I’ve read and still reading threads on body work. I want to start by replacing the floor pan. Before I do any demolition, I need to read more and hopefully gather info on this thread. My questions are:

1) How do I separate the floor pan from the rocker panels? (Eastwood has a part called a “seam buster” but I think a chisel and hammer would do the same thing.)
2)What floor pan is easiest to install, a one piece, two right and left halves, or four pieces? (There’s rust holes in all four pan sections but good metal around the rust, 4 pieces seems easiest to me. I think a one-piece would be hard to manipulate)
3) Can I repair the rust hole in the rocker or replace the entire rocker? See pic. (Trying to replace the rocker panels seems intuitive. I believe I would have to support the body up and off the frame).
4) Would this be an opportune time to get at and replace the body mounts with the floor panels out?

Hopeful the pictures will help give a description of where I’m at. I’m not sure of the integrity of the floor braces but from what I visualize, they appear to be okay.

Thanks to all,
Jim


----------



## jmt455 (Mar 26, 2012)

Get a spot weld cutter to drill out the spot welds. You'll get no deformation of the remaining panel and you'll know exactly where to place your welds on the new part. 

Buy several replacement/spare bits;you're going to need them.










For the rest of the questions, I expect you'll soon hear from folks with more first-hand experience.


----------



## jimmy328 (Oct 12, 2011)

I want to paint the wheel wells and front clip while they are off the vehicle. Can anyone tell me the best way sand them? Obviously the have awkward shapes which makes sanding more difficult. Do I need to buy a sand blaster for this?


----------



## jimmy328 (Oct 12, 2011)

Do I need to lift the entire body off the frame to replace the floor braces or is one side at a time sufficient?

Cutting away all this metal is very new to me and I still have to learn how to weld. As I gradually and carefully remove the old rockers, I’m beginning to see how the new ones will fit.

Thank you,
Jim


----------



## jimmy328 (Oct 12, 2011)

Hello All,

As I’m approaching the point of installing the floor pans, braces, and inner/outer rockers, it’s becoming evident that I may have to lift the entire body off the frame. Is my assumption correct?

I have the front end of the body up a few inches because I repaired the body mount holes of positions 1, 2, 3 and 4 and have the replacement body mounts ready to be installed.


----------



## 05GTO (Oct 6, 2004)

If you raise the body I would suggest finding a convertible door frame brace to maintain the opening of the door. Once you plug weld a few points on the rocker you should test fit the door to verify the gaps and alignment of the door. 

A handy tool to have would be a set of clecos to hold the panels in place while you plug weld everything together.


----------



## mrvandermey (Jun 15, 2011)

05GTO said:


> If you raise the body I would suggest finding a *convertible door frame brace *to maintain the opening of the door.

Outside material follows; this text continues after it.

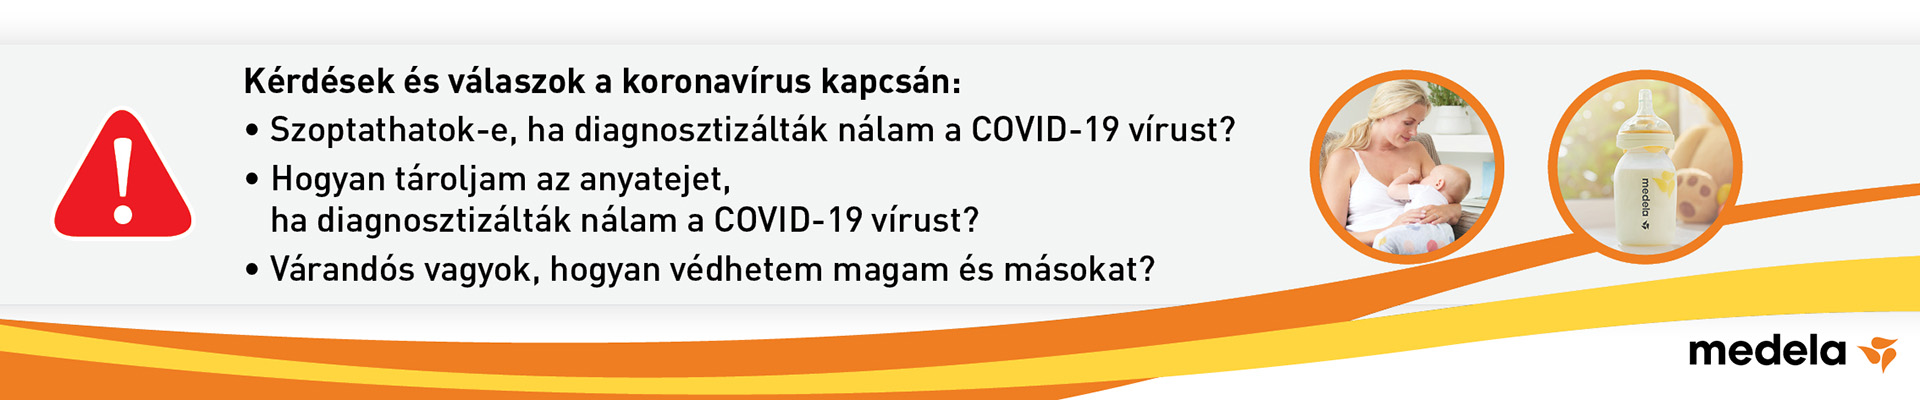 Szoptatással kapcsolatos kérdések koronavirus járvány esetén

Where does one find a set of "convertible door frame braces"? I know I have seen something like these on the TV show Fantomworks (a restoration/body shop) where the braces look like they mount to the hinge mounts and then to the latch stud on other side, with two bars going from hinge mount to the latch stud mount. Does some one sell these or is this a custom made application?


----------



## 05GTO (Oct 6, 2004)

mrvandermey said:


> Where does one find a set of "convertible door frame braces"? I know I have seen something like these on the TV show Fantomworks (a restoration/body shop) where the braces look like they mount to the hinge mounts and then to the latch stud on other side, with two bars going from hinge mount to the latch stud mount. Does some one sell these or is this a custom made application?


Here is a "How to" on building a set,

Building door braces - Auto Enthusiast

Also, Eastwood sells them;

http://search.eastwood.com/search?w=convertible+brace


----------



## chuckha62 (Apr 5, 2010)

The spot weld cutters are good, but I've found the Black and Decker "Bullet" drills to be better. They're basically a drill bit with a cutting detail like an end mill. They work great! Other companies make them, too.


----------



## jimmy328 (Oct 12, 2011)

I hired a body guy to assist me and we were able to install the floor braces and outer/inner rockers. The passenger side rocker lines up well with the rear quarter and up to the hinge pillar; however, not so for the driver side. The driver side rocker lines up well with the rear quarter and gradually moves inward and finally at the hinge pillar, it sets inwards about half an inch. I’m not sure how well the pic’s will show this. When I have him over again, he suggested securing a come-along to the inside area of the left hinge and secure it to the opposite frame; then, use a Porta Power at the bottom of the hinge pillar to bend it out a half inch. Any suggestions on this problem? He thinks this vehicle may have been hit in this area at one time.


----------